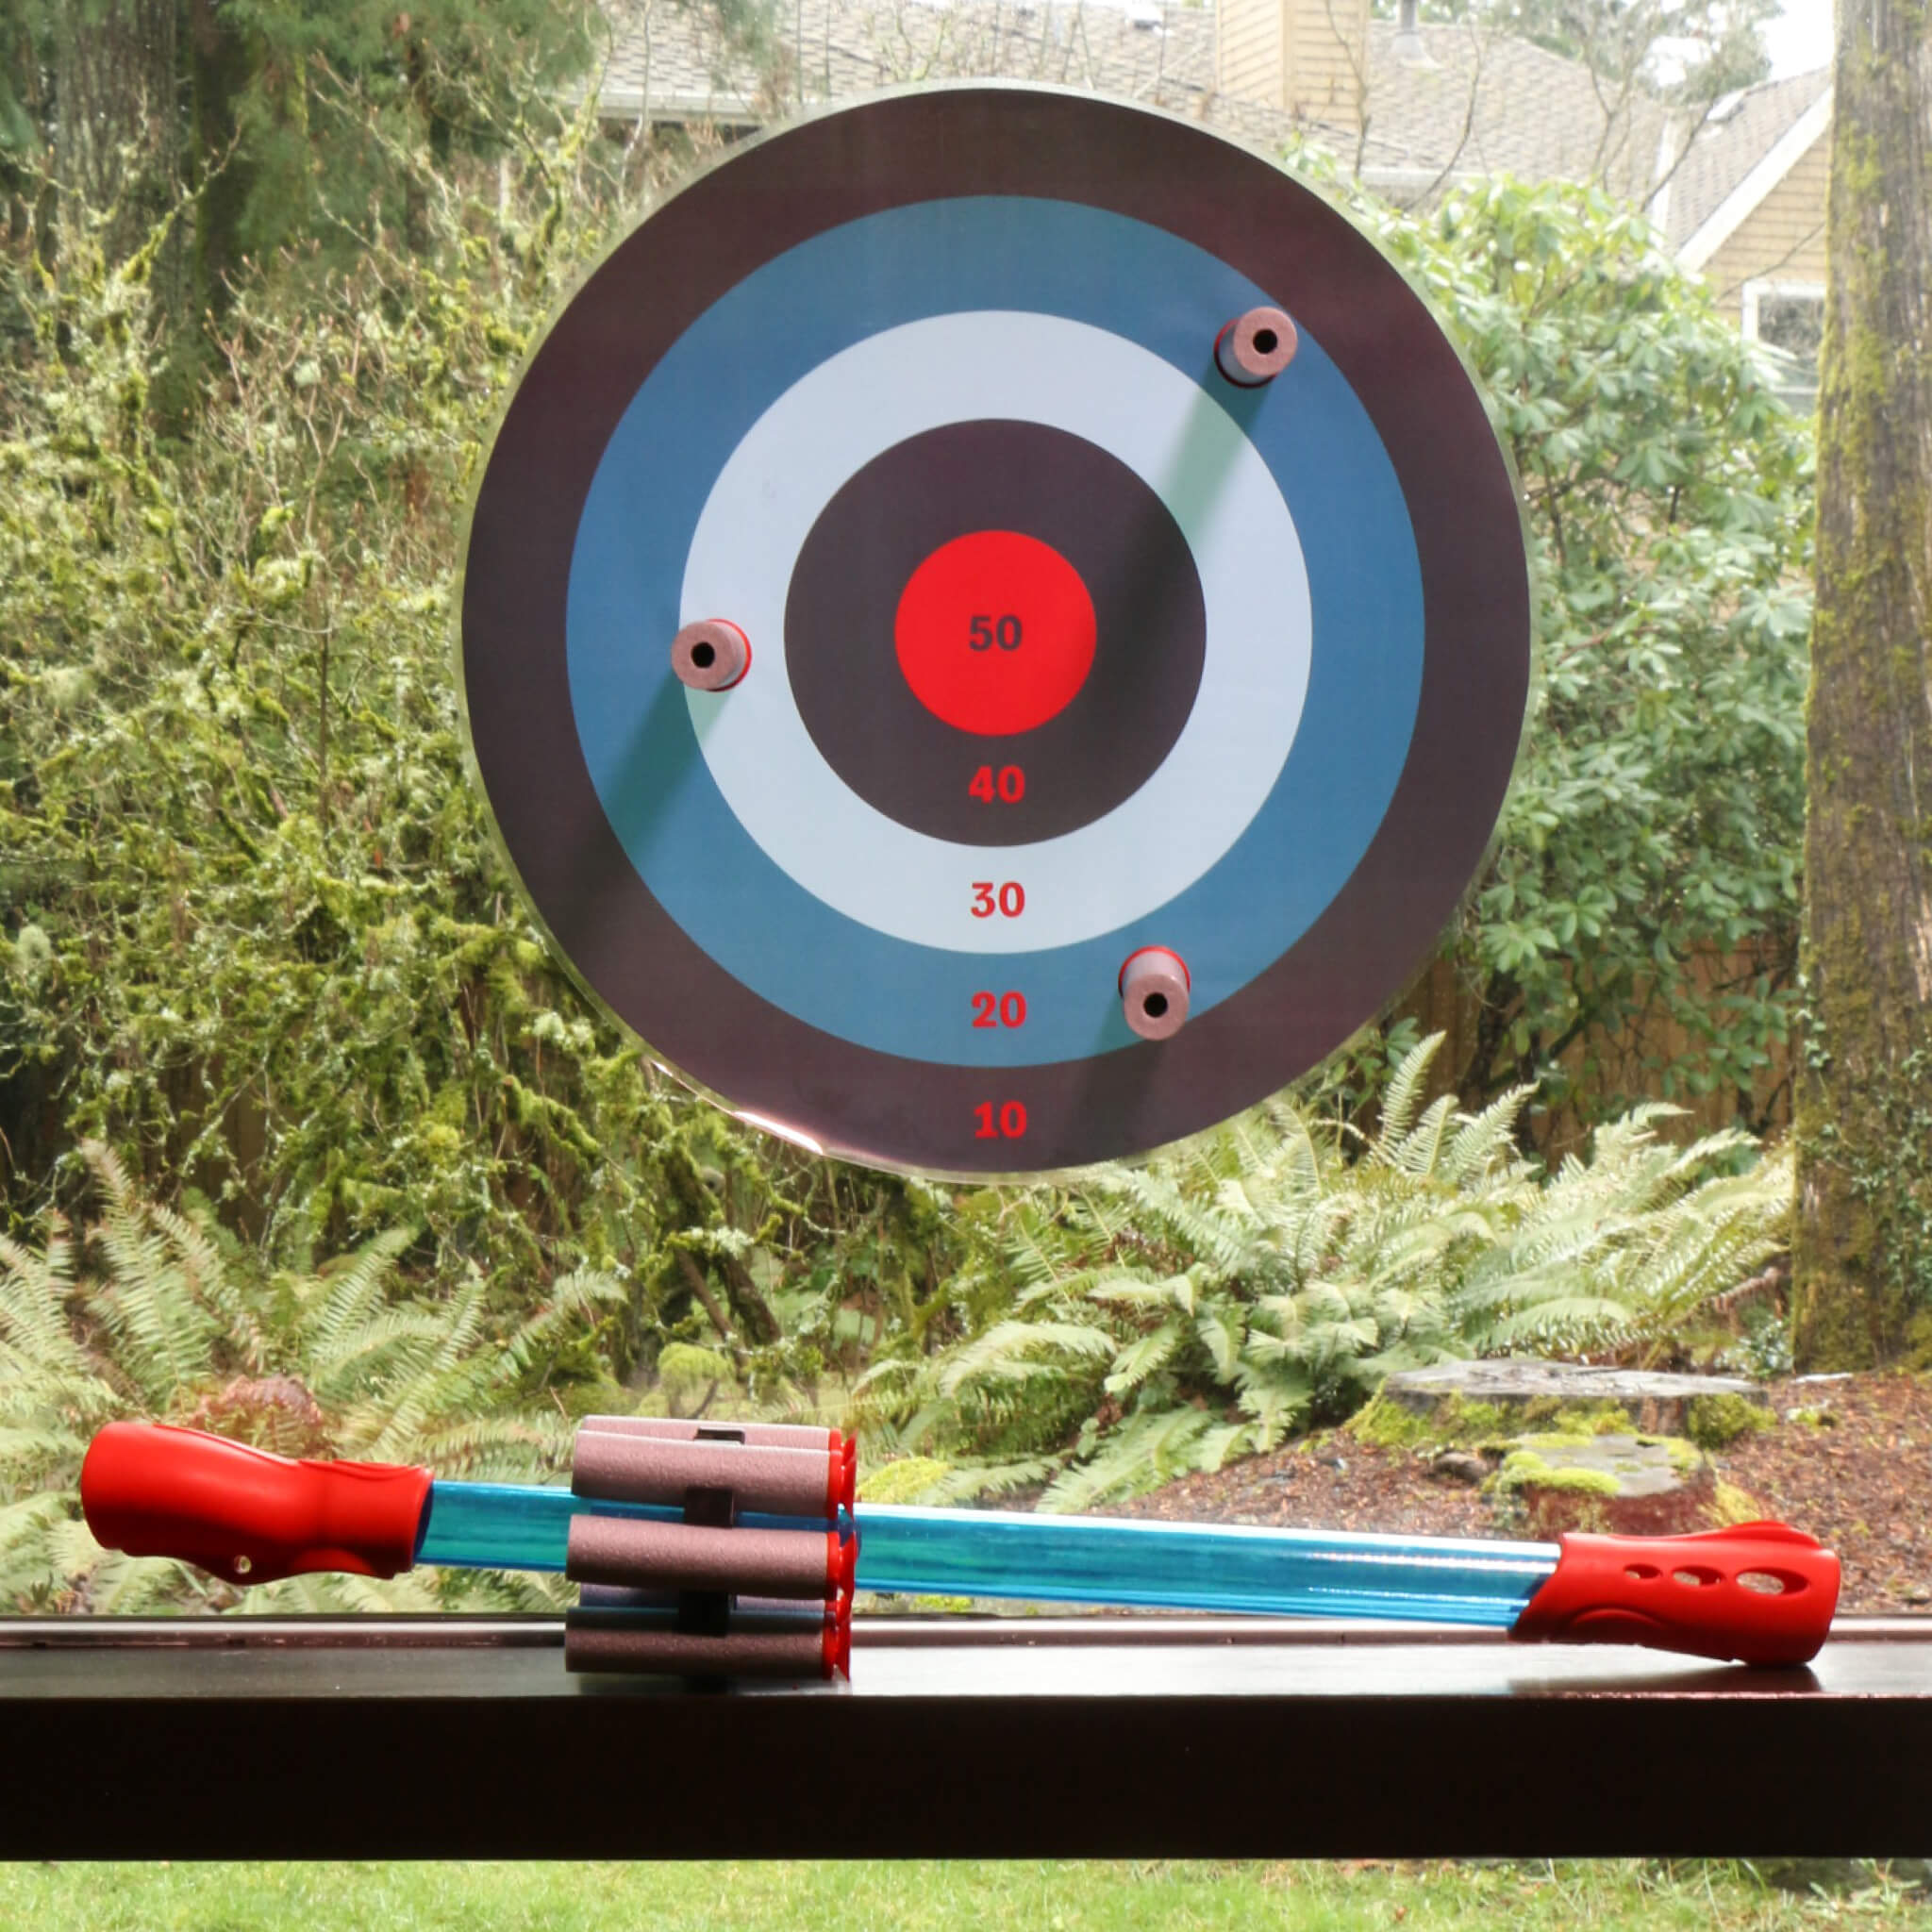 Blow Darts target set by Mighty Fun! Includes 6 darts, ammo holder and target shown on window.
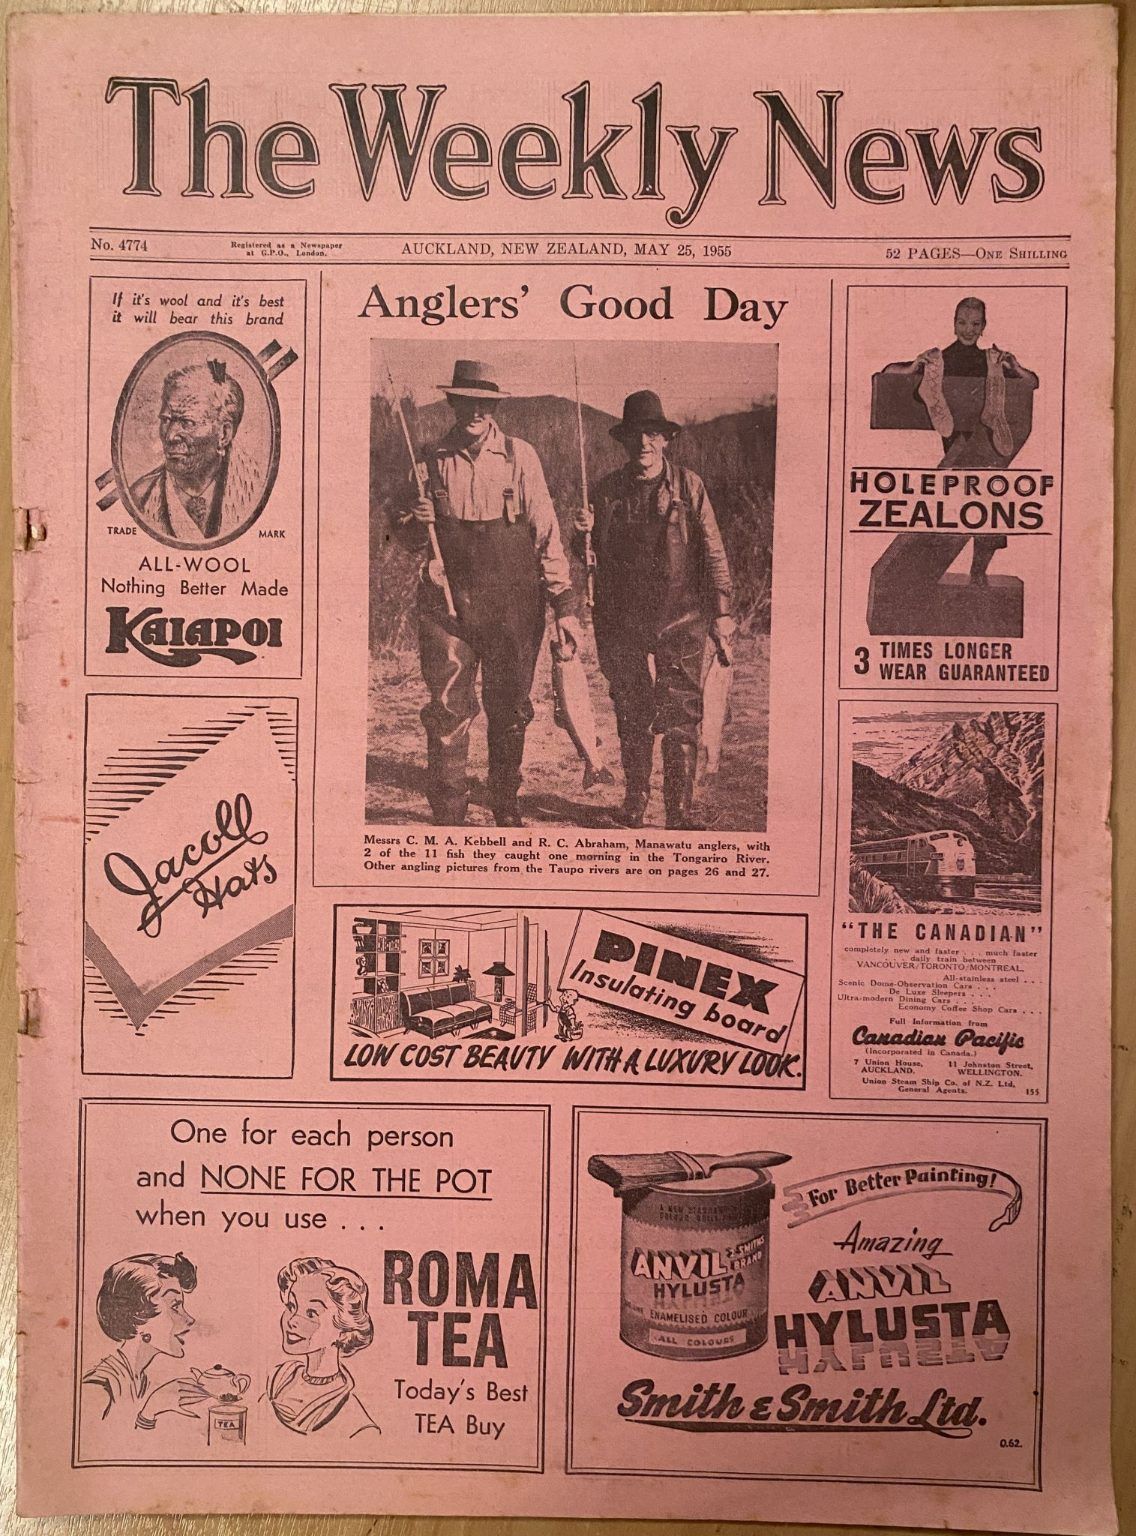 OLD NEWSPAPER: The Weekly News - No. 4774, 25 May 1955
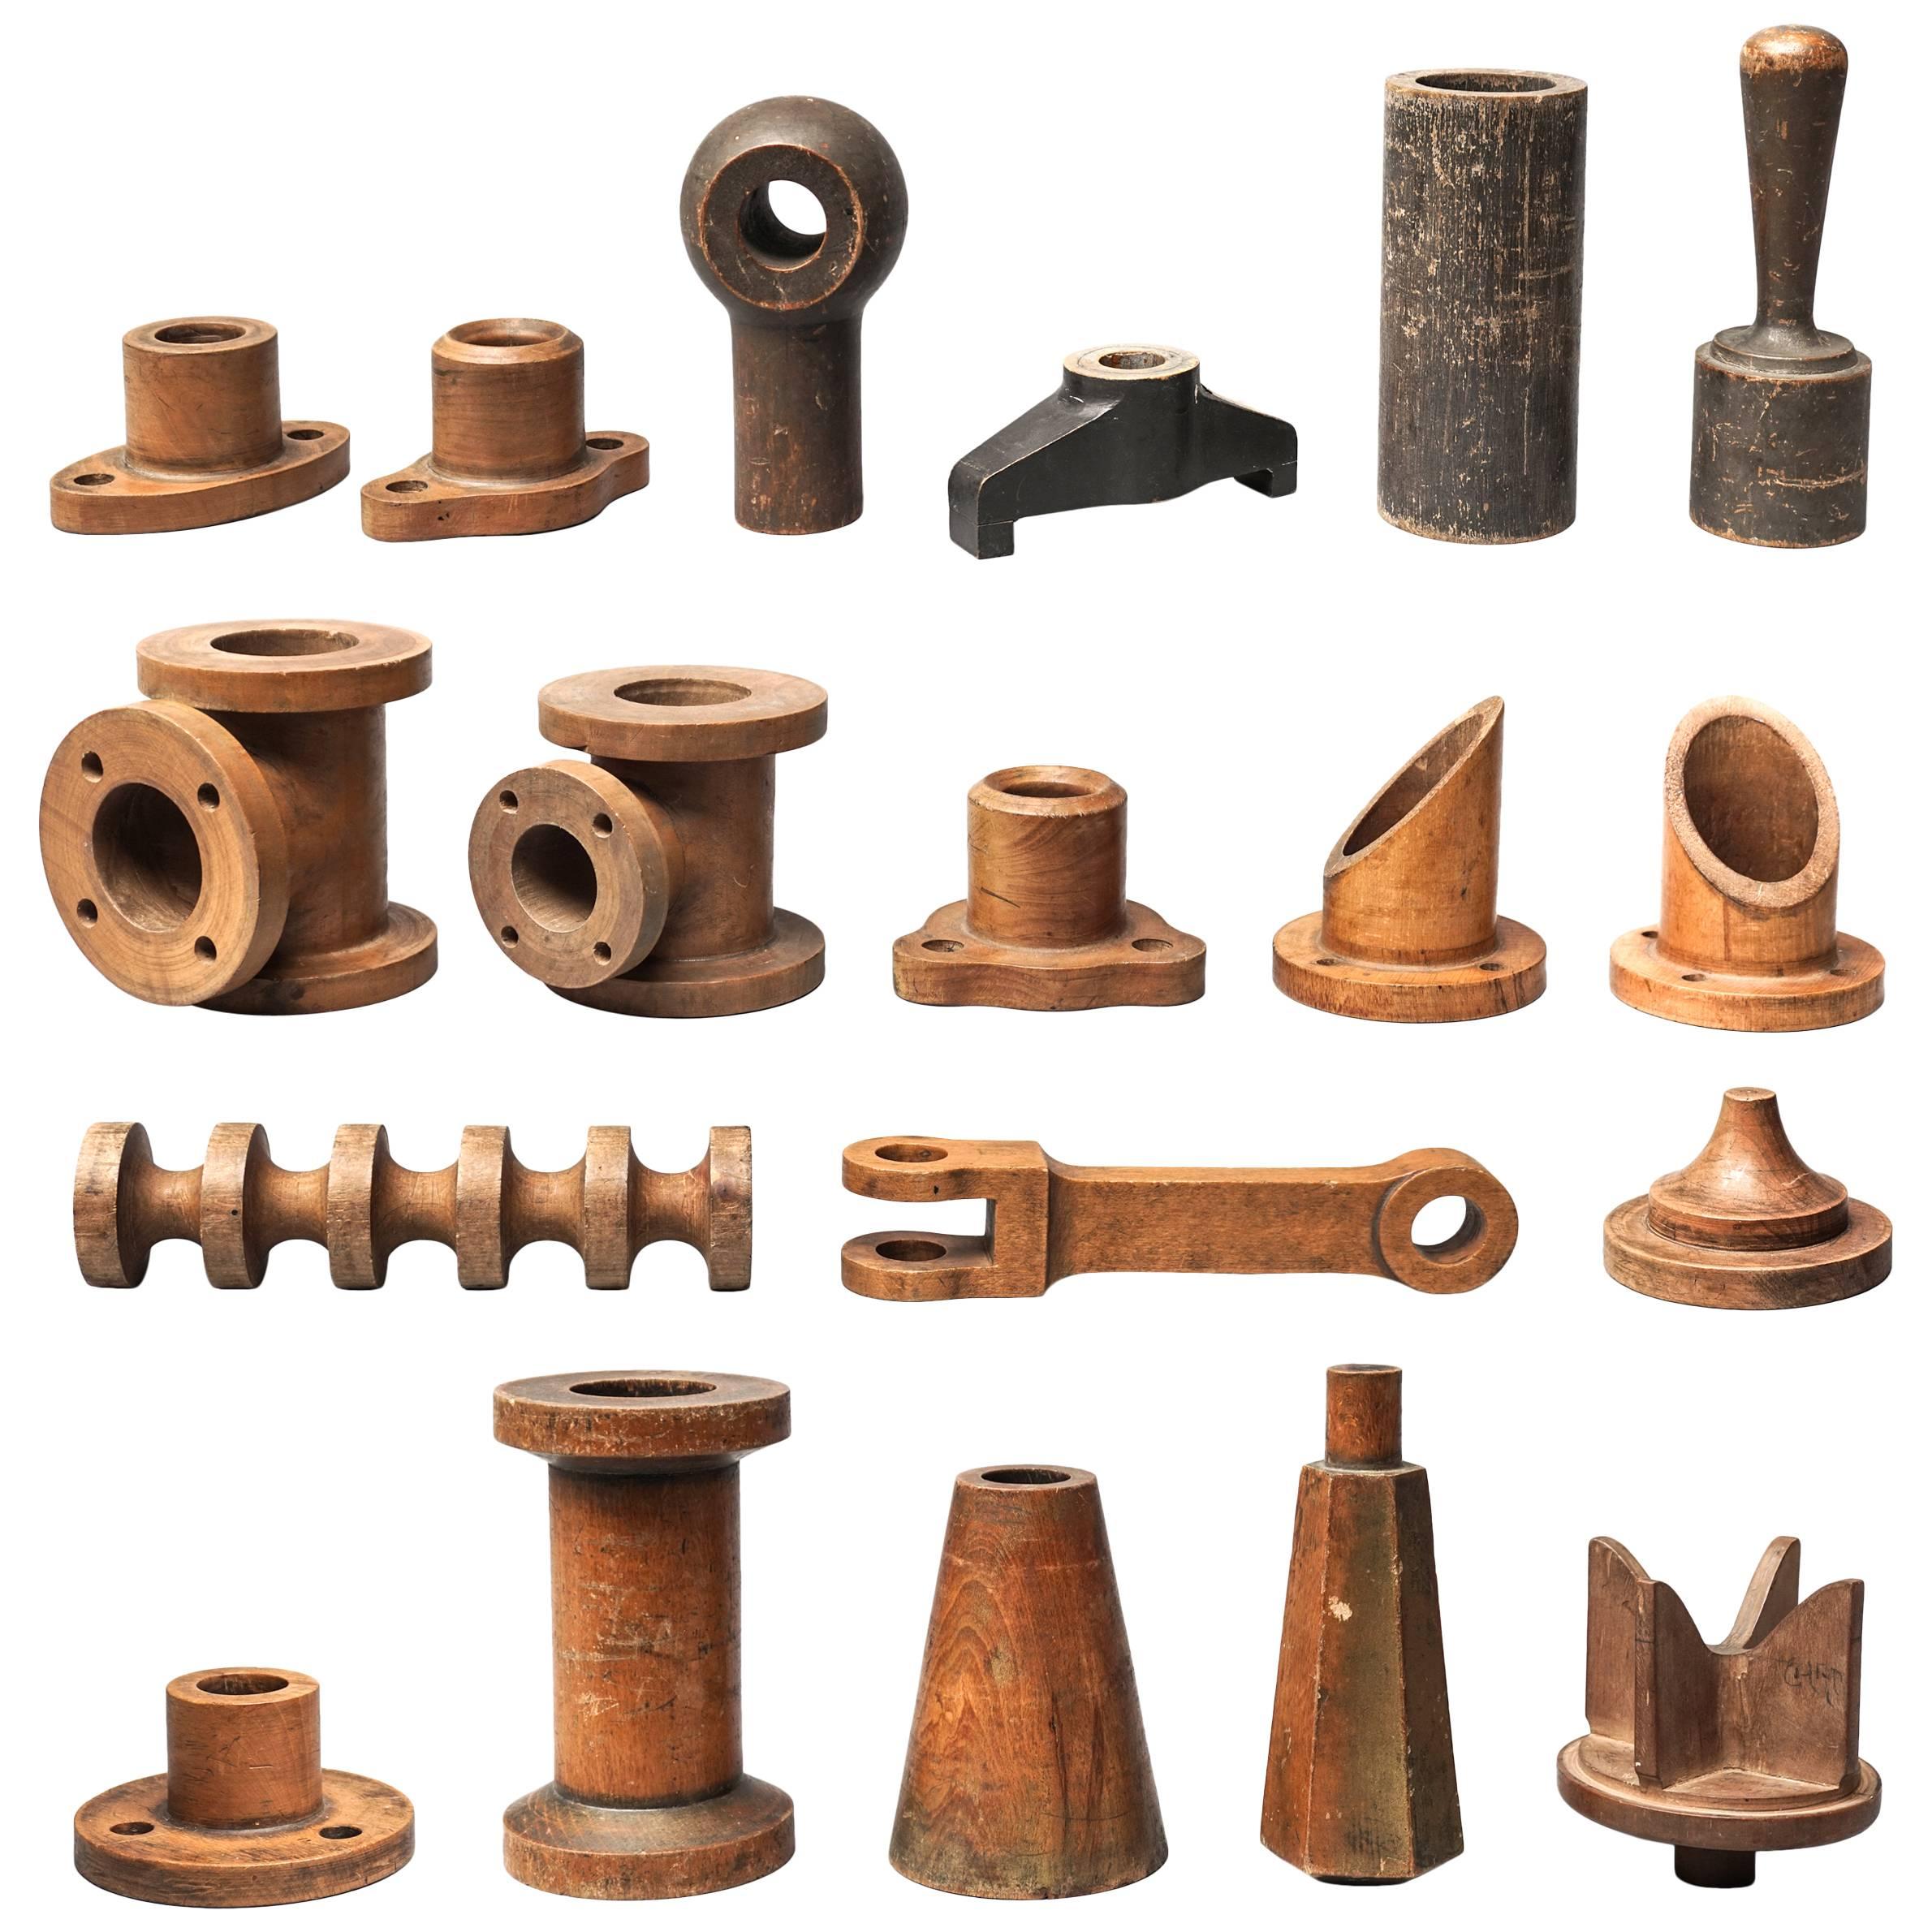 19th Century Industrial Wooden Foundry Molds or Moulds

•••••

> _INSTRUCTIONS FOR THE TASK_: Return the material exactly as it reads, though without the pictures it holds.

> _TASK OUTPUT_:
 Blow Darts target set by Mighty Fun! Includes 6 darts, ammo holder and target shown on window.
 OLD NEWSPAPER: The Weekly News - No. 4774, 25 May 1955
 19th Century Industrial Wooden Foundry Molds or Moulds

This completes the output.